The new capitalist

Tania Ellis is founder and managing director of a company with an unusual name, 'The Social Business Company', which provides consultation to companies on corporate social responsibility (CSR).

Ellis, who is of Danish-British extraction, also wears another hat, beautifully. She is author of the famous business book, The New Pioneers.

The book, which has been translated into Thai, focuses on new trends in business such as the Grameen Bank initiated by Nobel laureate Muhammad Yunus and progressive corporate projects, like General Electric's "Ecomagination", that mixes social contribution with business and makes a profit.

"In this book, I show companies and entrepreneurs that today it is possible to create solutions to global challenges and do business at the same time. You can do good and you can do well," she said while in Bangkok last month for the book's launch.

Like other fellow writers, Ellis is an avid reader. Her favourite books revolve around her work on sustainable development.
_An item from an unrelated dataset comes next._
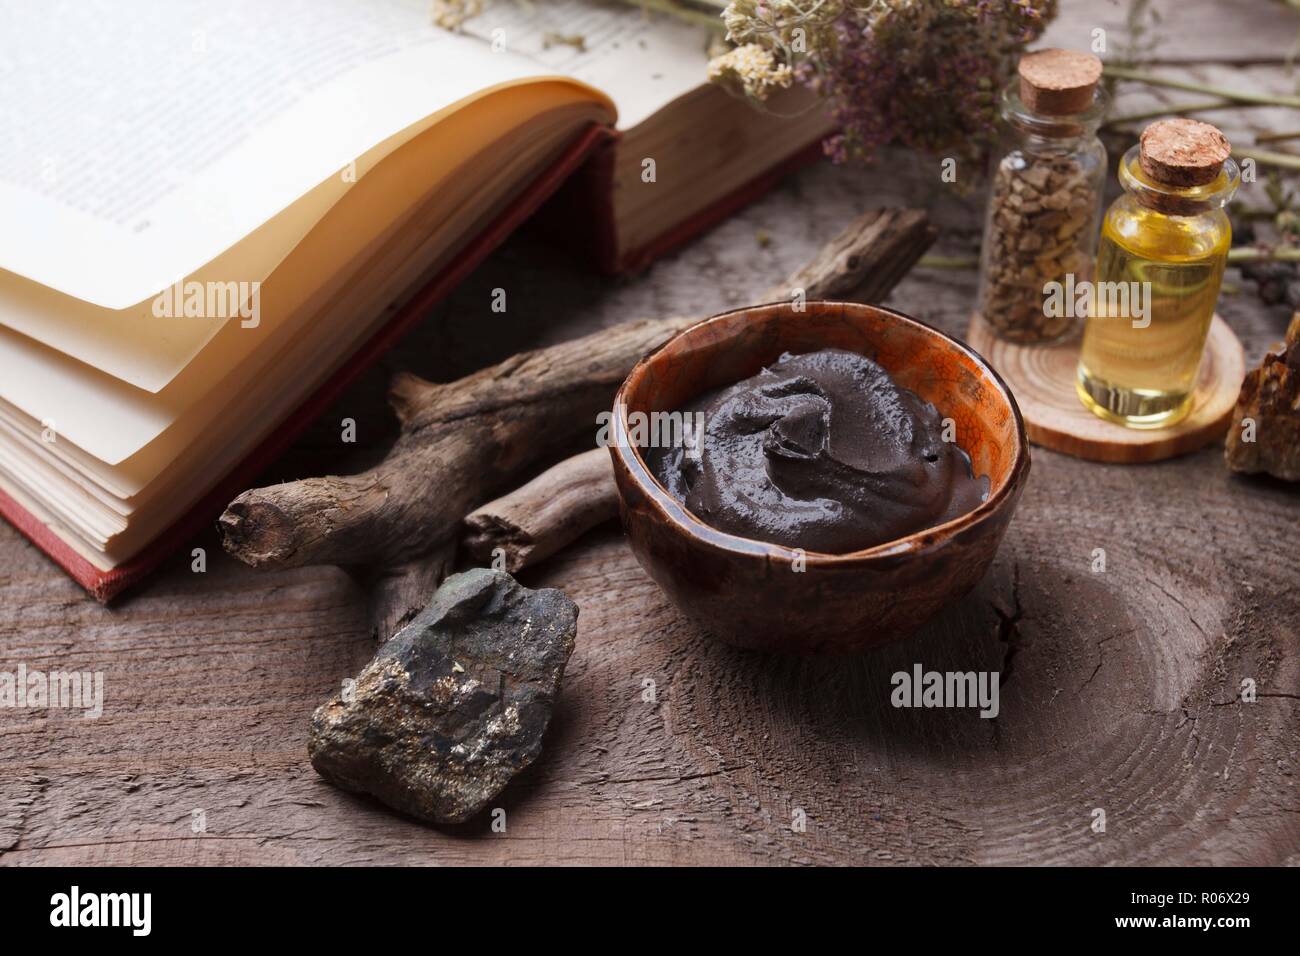 Masque de boue noire cosmétique préparation dans un bol en céramique vintage sur fond de bois. Libre de texture de l'argile du visage émulsion. Les cosmétiques naturels pour la maison ou Banque D'Images

Her first choice is Biomimicry: Innovation Inspired by Nature, by Janine M. Benyus. "This is one of the most interesting books I have read. It is about how we as human can learn from nature. For centuries we have been trying to dominate and control nature. We have been exploiting resources of nature. But the concept of Biomimicry is about taking and making nature your mentor.

"What we can learn from nature and develop product and solution based on principle of nature. It is wonderful book and in line with whole concept of sustainability."
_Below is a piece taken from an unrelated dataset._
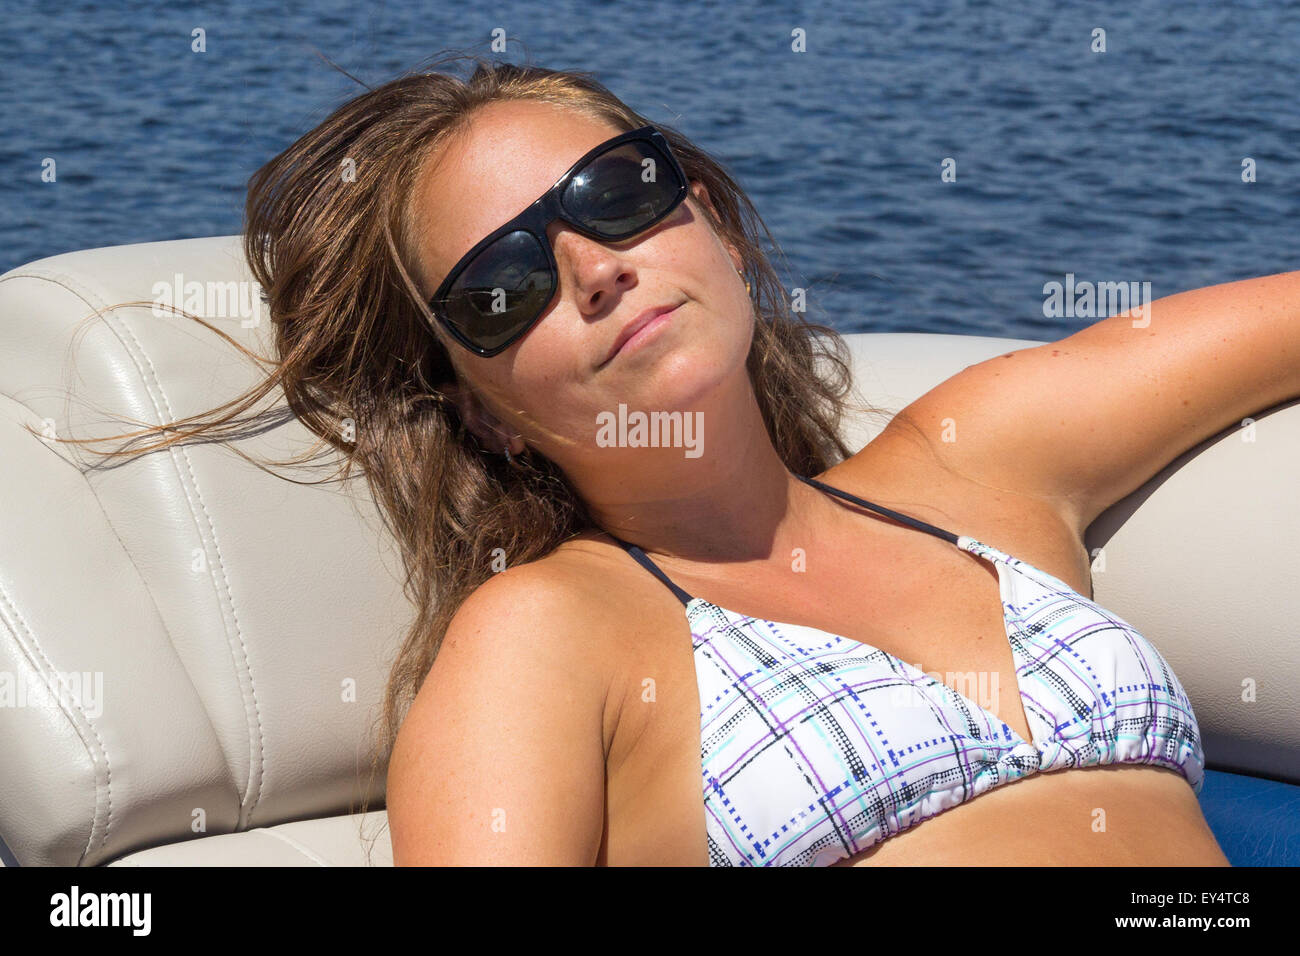 Frau Sonnenbaden auf einem Boot Stockfoto

The other is Future of Money: Beyond Greed and Scarcity, by Belgian economics professor Bernard Lietaer. "In this book, he explains what money is. Because we kind of focus on money as material value creation. Actually, money is a social innovation and I also write about it in my book, so I was inspired by his book. What he said is that the current monetary system that we have is unsustainable because capitalism needs to have two legs and the current version is only one leg. That current version of capitalism creates competition and it is not sustainable in itself.
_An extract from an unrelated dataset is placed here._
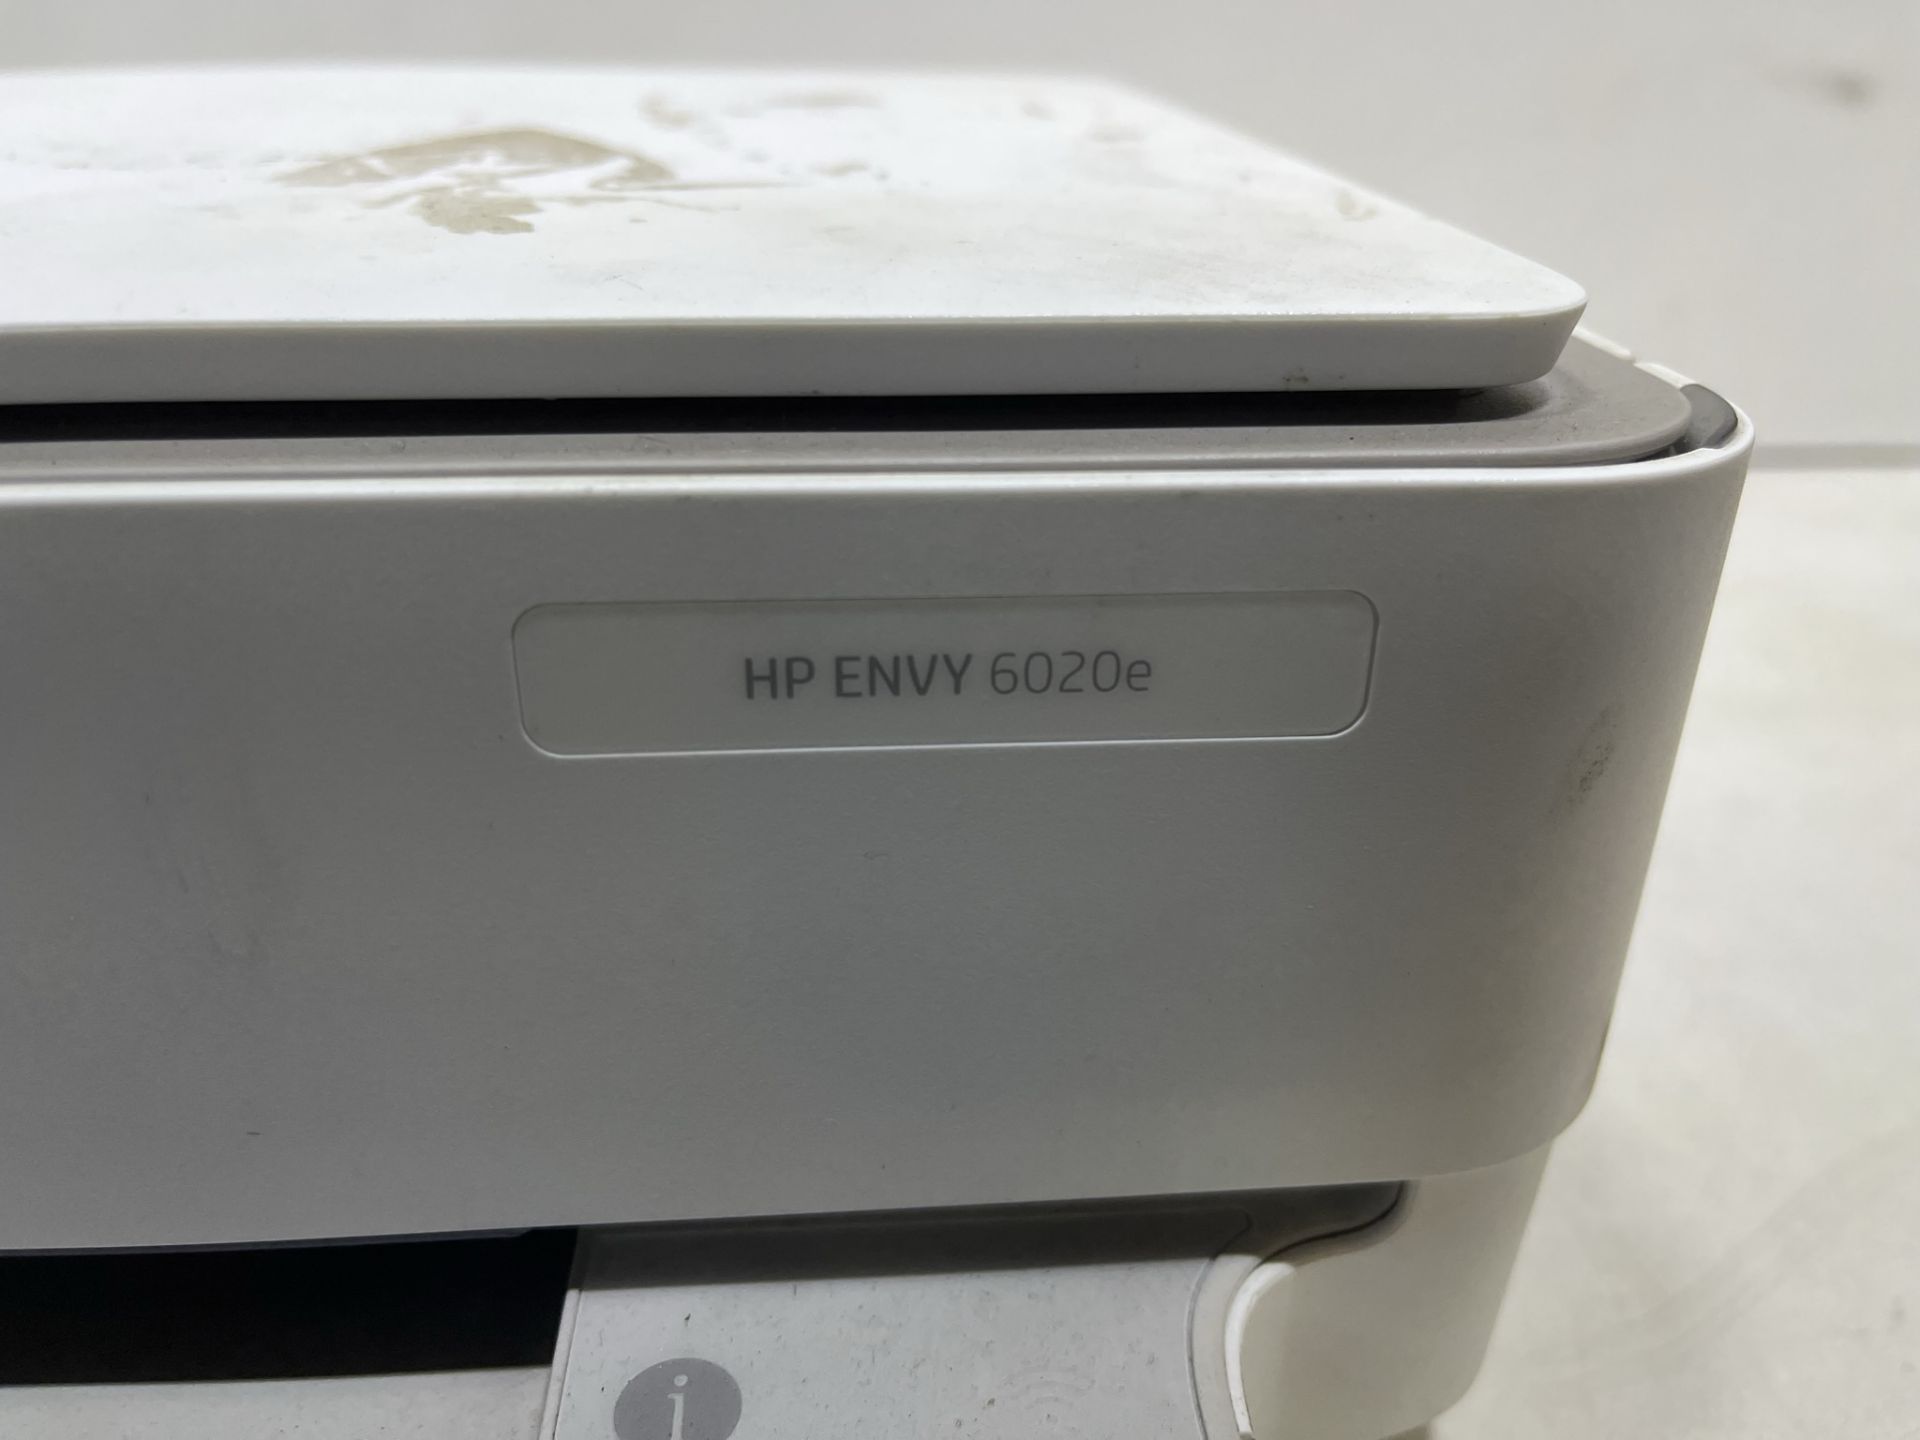 HP ENVY 6020e All-in-One Inkjet Printer - Image 4 of 5

"The other leg, for example, reflects in the concept of micro loan. It [the concept of micro loan] is social economy, it is reinvesting profit. So it is actually that whole mindsets of social entrepreneurs are exploring and putting into practice what actually is the other leg of capitalism. Comparing with many years of operating with financial gain as bottom line, now companies additionally operate with social bottom line or environmental bottom line. Suddenly, capitalism has more legs and together it becomes sustainable. Very interesting reading, indeed. He goes back to many thousand years back to old communities on how they were exchanging, what kind of money they used."